For the Gram negatve bacteria which contains bacilli, citrobacter spp., entrobacter spp., Escherichia spp., klebsiella spp., proteus spp., and pseudomonas spp., was passed through lactose which gave a negative result which shows the presence of proteus spp., and pseudomonal spp.. This was then passed through glucose, which gave a positive response for the presence of proteus spp. This was passed through indole, which gave a positive response hence the presence of P. rettgeri, and P. vulgaris, which was passed through H2S production. This gave a negative response hence the presence of P. rettgeri.
If the discolorizer was to be left too long then the Gram-positive cells would have been discolored and therefore the exact results would not have been found adequately by the gram stain test. Therefore extra caution was to be taken for the decolorizer not to stay for long approximately 10-15 seconds. Other tests could be used to determine the unknown bacteria for example by gene sequencing which give accurate results.

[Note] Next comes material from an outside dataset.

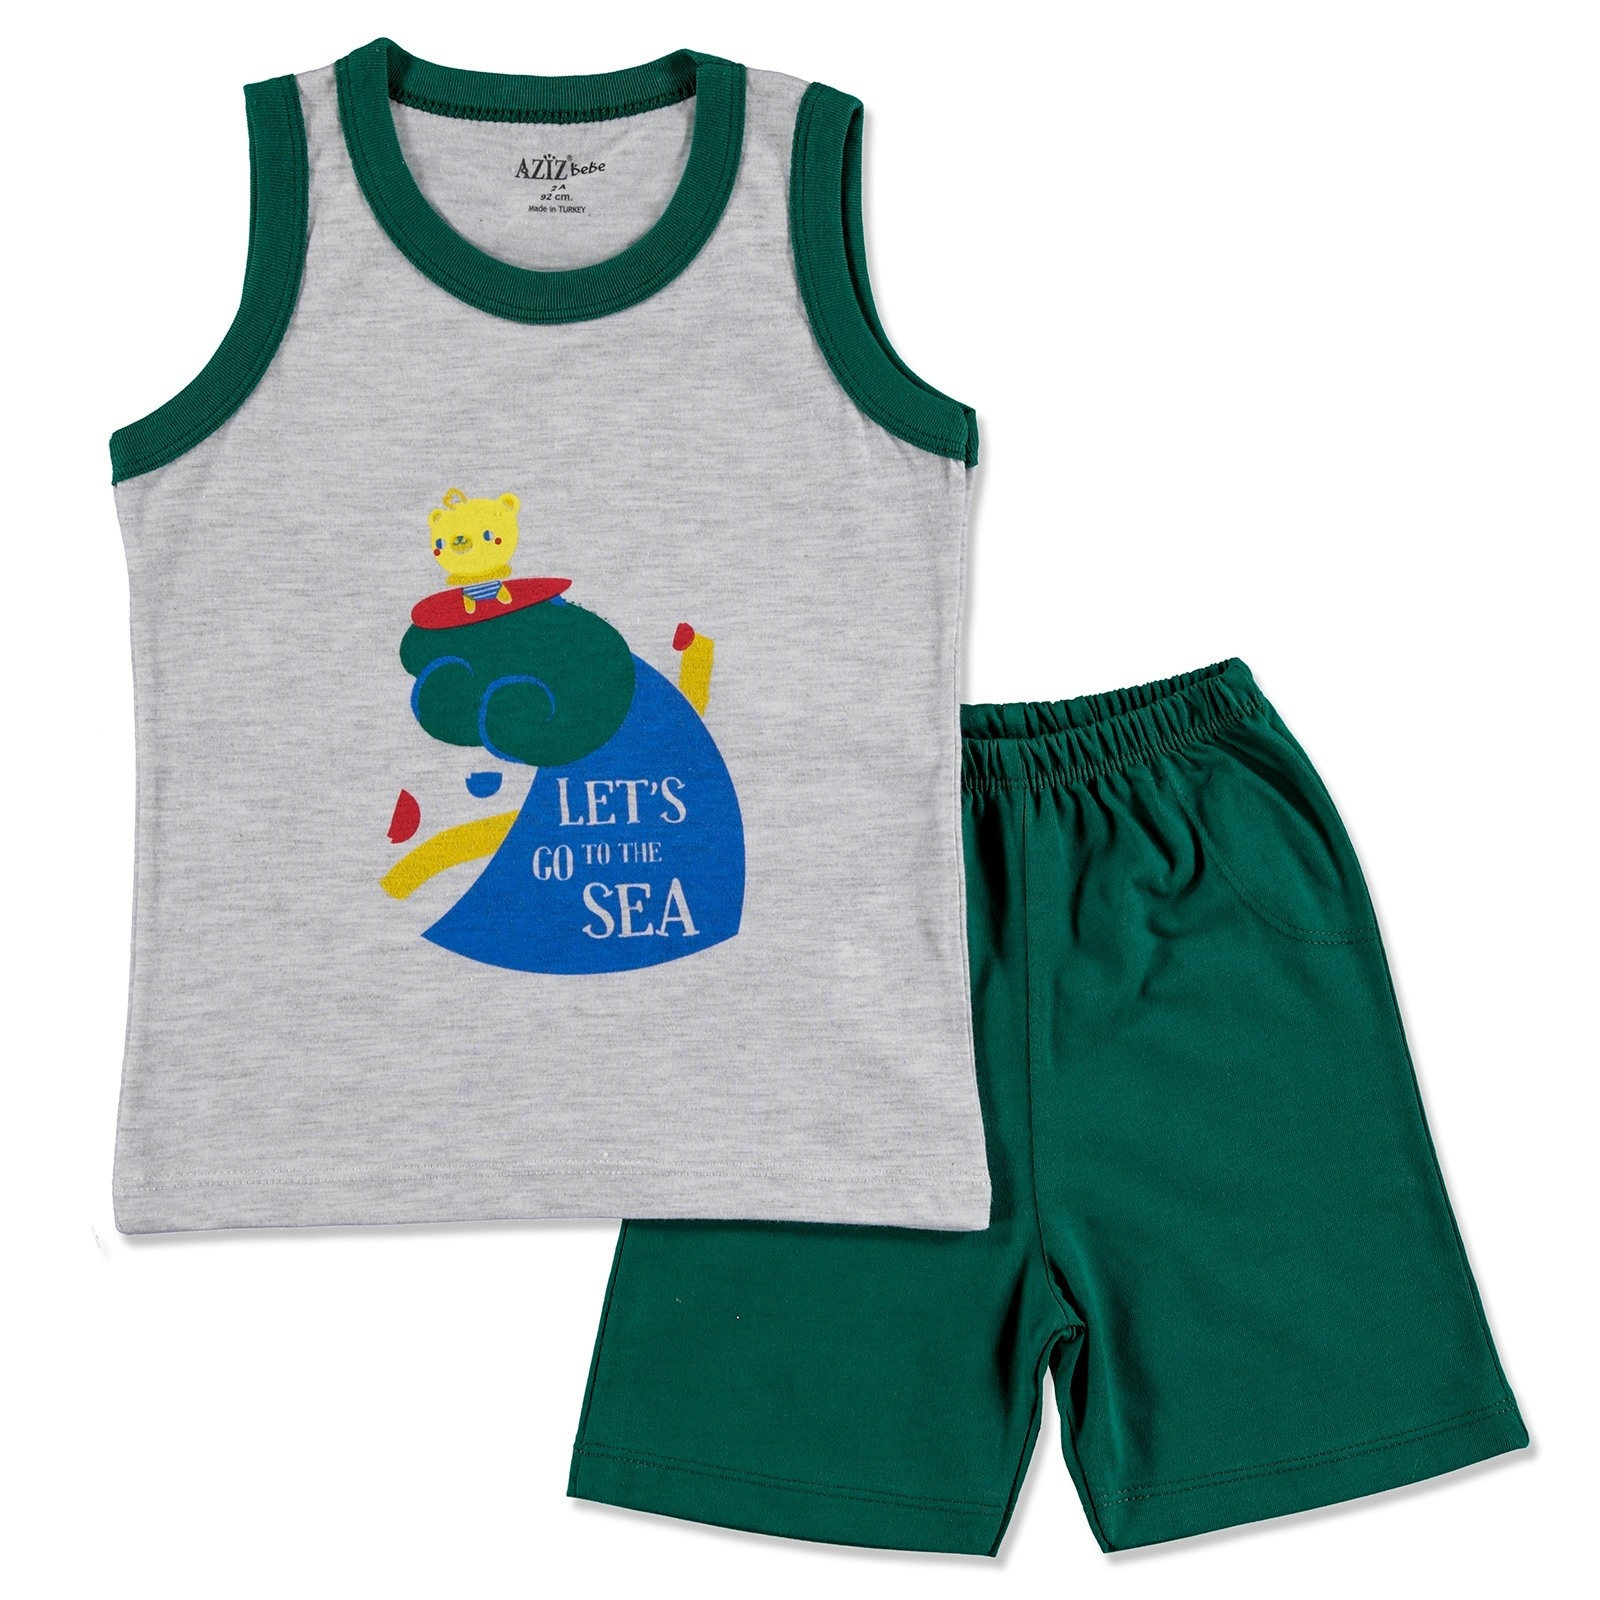 Ebebek Aziz Bebe Summer Baby Boy Olympiad Supreme T-shirt Short 2 Pcs Set

These bacteria are usually found in nasal passages, skin and mucous membranes, which cause a wide range of infections as well as food poisoning, and toxic shock syndrome hence they have to be identified to prevent or cure these infections. The unknowns could be identified to be P. rettgeri for Gram negative and S. bovis for Gram-positive test. This shows that physiological tests and stains can identify human pathogens.
The tests used all through the test may be rather old-fashioned, but still have applications in the globe today. Students of microbiology and laboratories employ the tests and can be used in medical labs, if desirable. An improved method for identifying unfamiliar bacteria is to employ API testing strips. The API test is a much more proficient since it is much faster and all tests are done on a solitary narrow piece that can fit in the hand. The employment of the API tests is of vast significance in the medical turf too. The suitable classification of infectious bacteria assists doctors to establish the right antibiotic treatment, which saves countless lives.